No matter the origin, though, one thing is for sure: insect symbolic meanings are pretty interesting to learn about. If you’re curious, read on to discover what some cultures believe certain bugs represent. The next time you spot a ladybug or a butterfly, you might see them in a whole new light.


These speckled little creatures have long been considered signs of good luck, and that’s all because of an old farmer’s tale. During a pest-filled harvest season, European farmers were struggling to keep crops alive. Desperate, they prayed to the Virgin Mary. Soon after, ladybugs came and wiped out the other pests and the farmers named them "beetle of Our Lady." This eventually was shortened to "lady beetle" and finally, "ladybug." Some people even make wishes when a ladybug lands on them because of this belief.

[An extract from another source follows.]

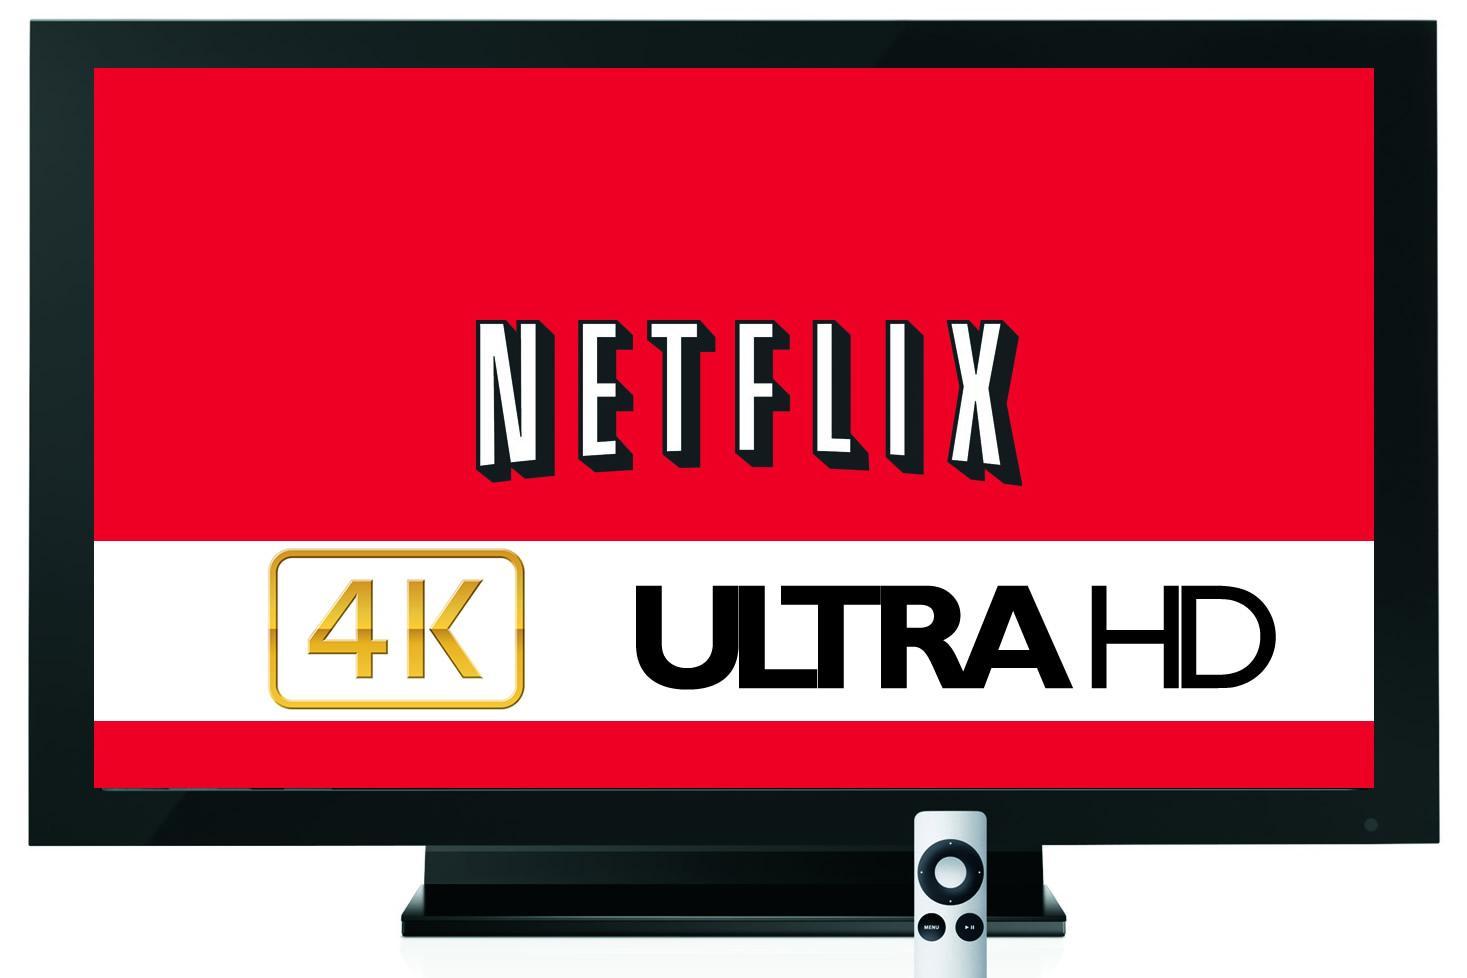 netflix-4k-ultra-HD-List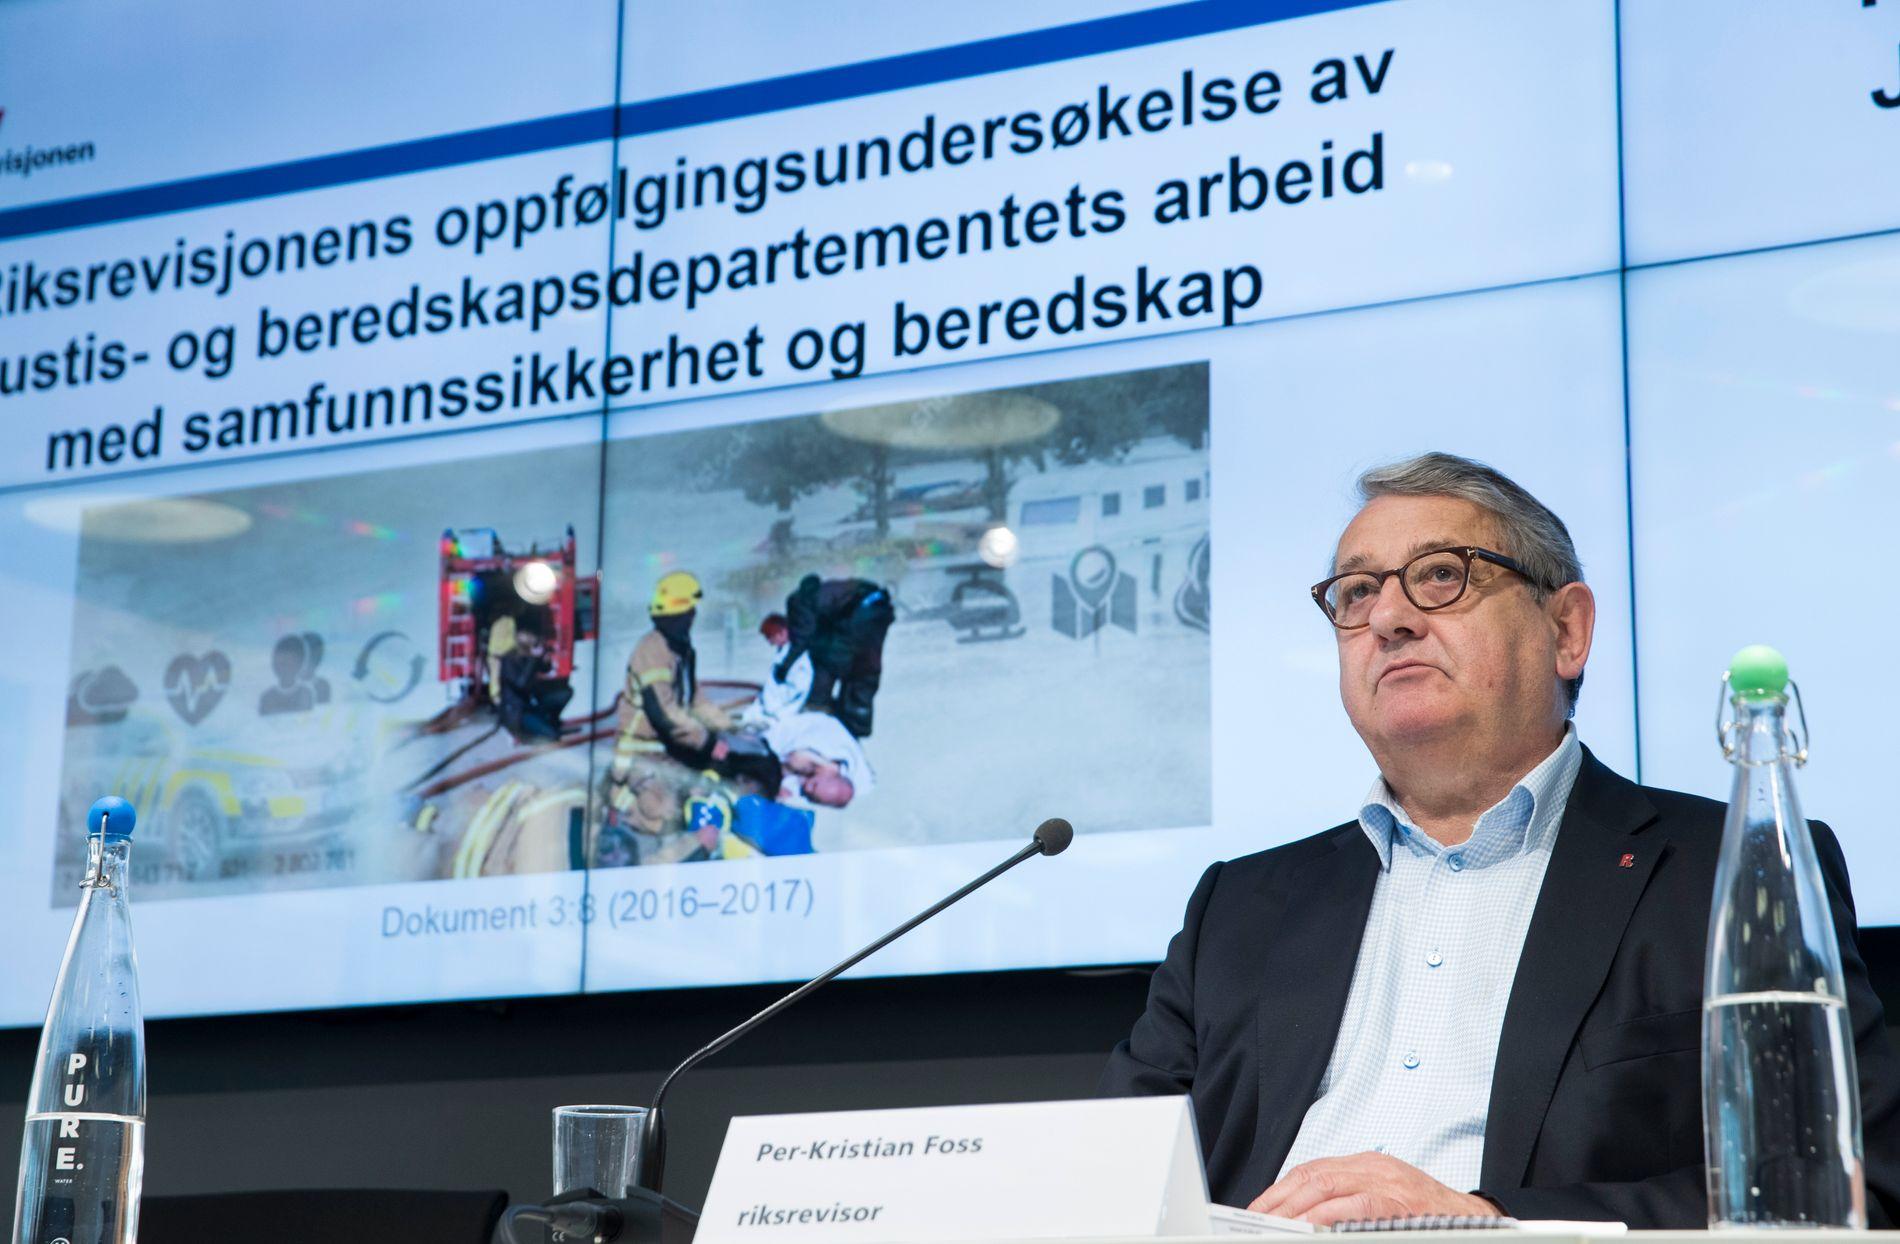 IKKE I MÅL: Riksrevisor Per-Kristian Foss mener at regjeringen har forbedret samfunnsikkerheten, men noen statråder er fortsatt i brudd med instruksene og har ikke god nok oversikt i sin sektor.

Seeing a fluttering butterfly can brighten anyone’s day, but in some cultures there is a deeper meaning to a butterfly sighting. In some religions and spiritual practices, butterflies are seen as heavenly messengers or representations of loved ones who have passed. A more literal symbolic meaning for butterflies is one of transformation and change. Since butterflies start off as caterpillars and form cocoons before spreading their wings, some people see them as a reminder of the many changes that will occur over a lifetime.


In ancient Eastern culture, crickets used to be kept in cages as pets due to their musical chirping. Because they also lay many eggs at a time, they are seen as a symbol of prosperity and success in China. More practically, farmers would associate the sighting of crickets with a cue from nature to begin planting crops.


If you’re familiar with the children’s story of Anansi the Spider, you might know that in the Yoruba culture of Africa, spiders are representative of a trickster spirit. Across other cultures, it’s the spider’s web that creates unique meaning. In Native American cultures, spiders are a symbol of wisdom and creativity. Several Native folktales included a character called Spider Grandmother who is a helper, and who thought the world into existence by weaving her webs.


Among Celtic lore, dragonflies are often mentioned in relation to fairies, with some saying fairies ride on the backs of dragonflies, and other stories saying that fairies transform into dragonflies. Either way, these insects were believed to be magical, and because of that, dragonflies symbolize good luck, transformation, and living life to the fullest!